Exponential Convergence of CAVI for Bayesian PCA
This addresses a gap in understanding the convergence speed of a widely used inference method for Bayesian PCA, which is incremental but provides theoretical guarantees for practitioners in machine learning and statistics.
The paper proves exponential convergence of the coordinate ascent variational inference (CAVI) algorithm for Bayesian PCA, establishing a precise result for a single principal component and a more general one for multiple components, with the latter requiring a novel lower bound for the symmetric Kullback-Leibler divergence.

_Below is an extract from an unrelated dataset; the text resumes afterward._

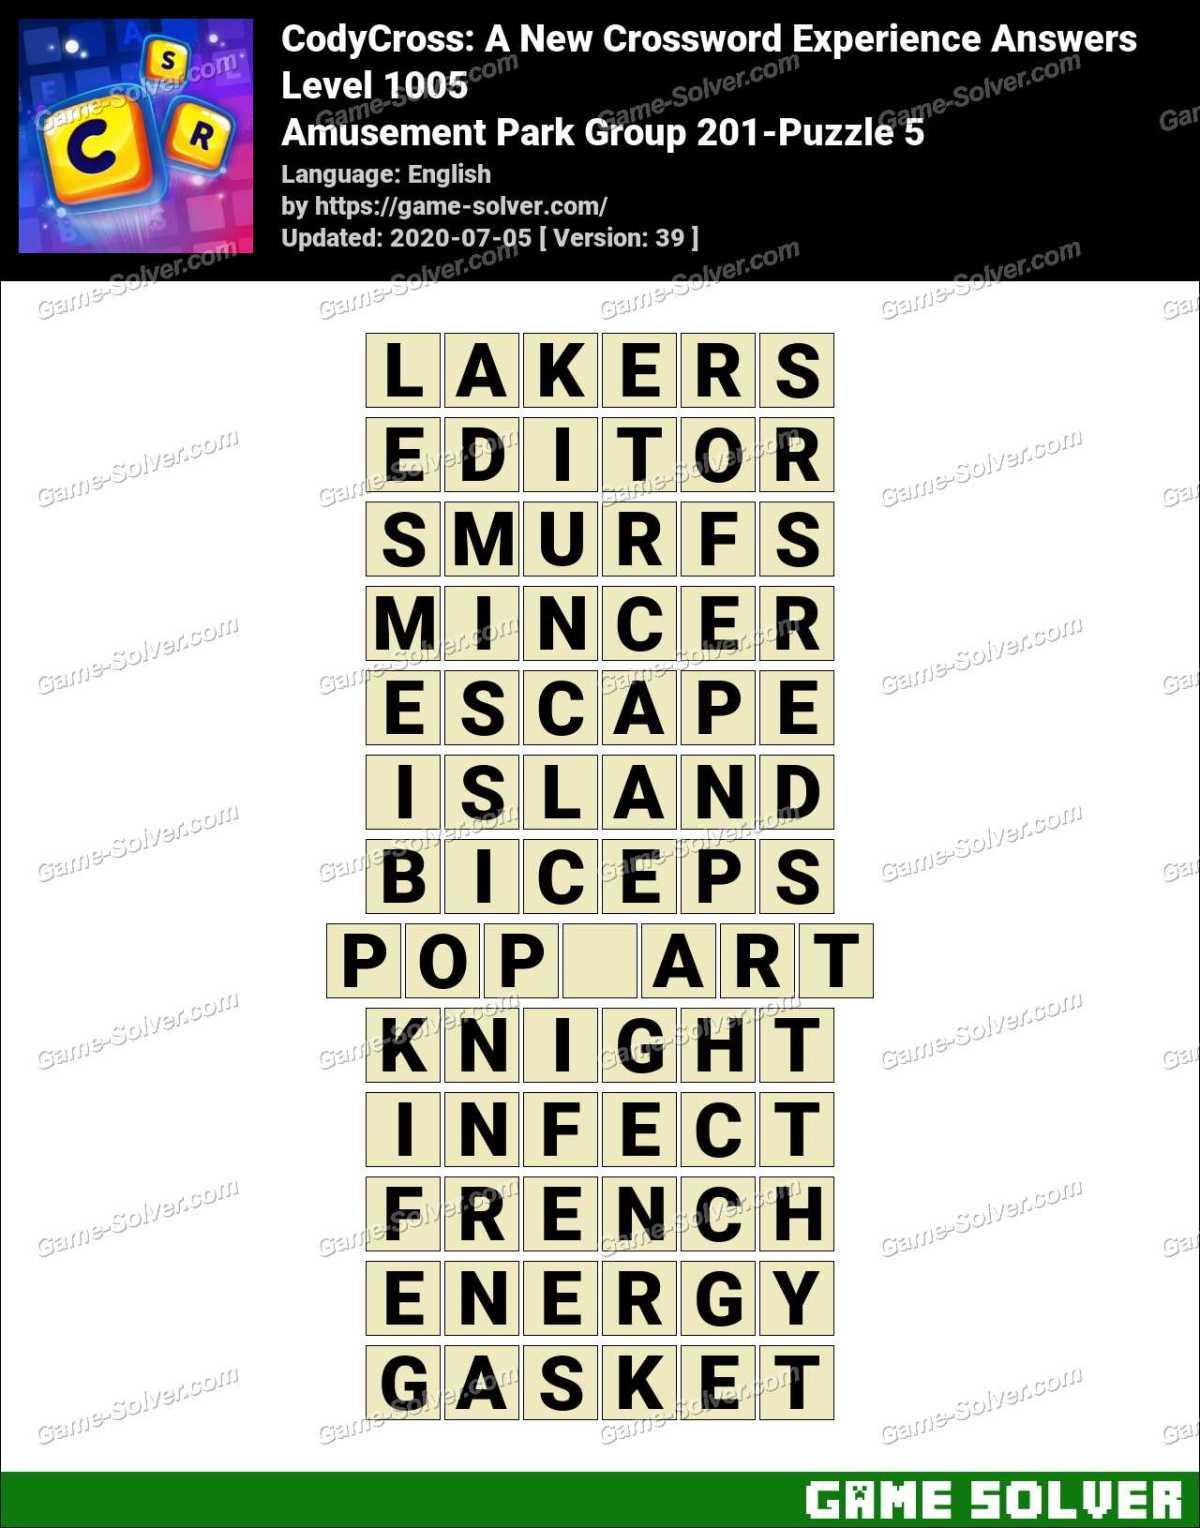 CodyCross Amusement Park Group 201-Puzzle 5 Answers

Probabilistic principal component analysis (PCA) and its Bayesian variant (BPCA) are widely used for dimension reduction in machine learning and statistics. The main advantage of probabilistic PCA over the traditional formulation is allowing uncertainty quantification. The parameters of BPCA are typically learned using mean-field variational inference, and in particular, the coordinate ascent variational inference (CAVI) algorithm. So far, the convergence speed of CAVI for BPCA has not been characterized. In our paper, we fill this gap in the literature. Firstly, we prove a precise exponential convergence result in the case where the model uses a single principal component (PC). Interestingly, this result is established through a connection with the classical $\textit{power iteration algorithm}$ and it indicates that traditional PCA is retrieved as points estimates of the BPCA parameters. Secondly, we leverage recent tools to prove exponential convergence of CAVI for the model with any number of PCs, thus leading to a more general result, but one that is of a slightly different flavor. To prove the latter result, we additionally needed to introduce a novel lower bound for the symmetric Kullback--Leibler divergence between two multivariate normal distributions, which, we believe, is of independent interest in information theory.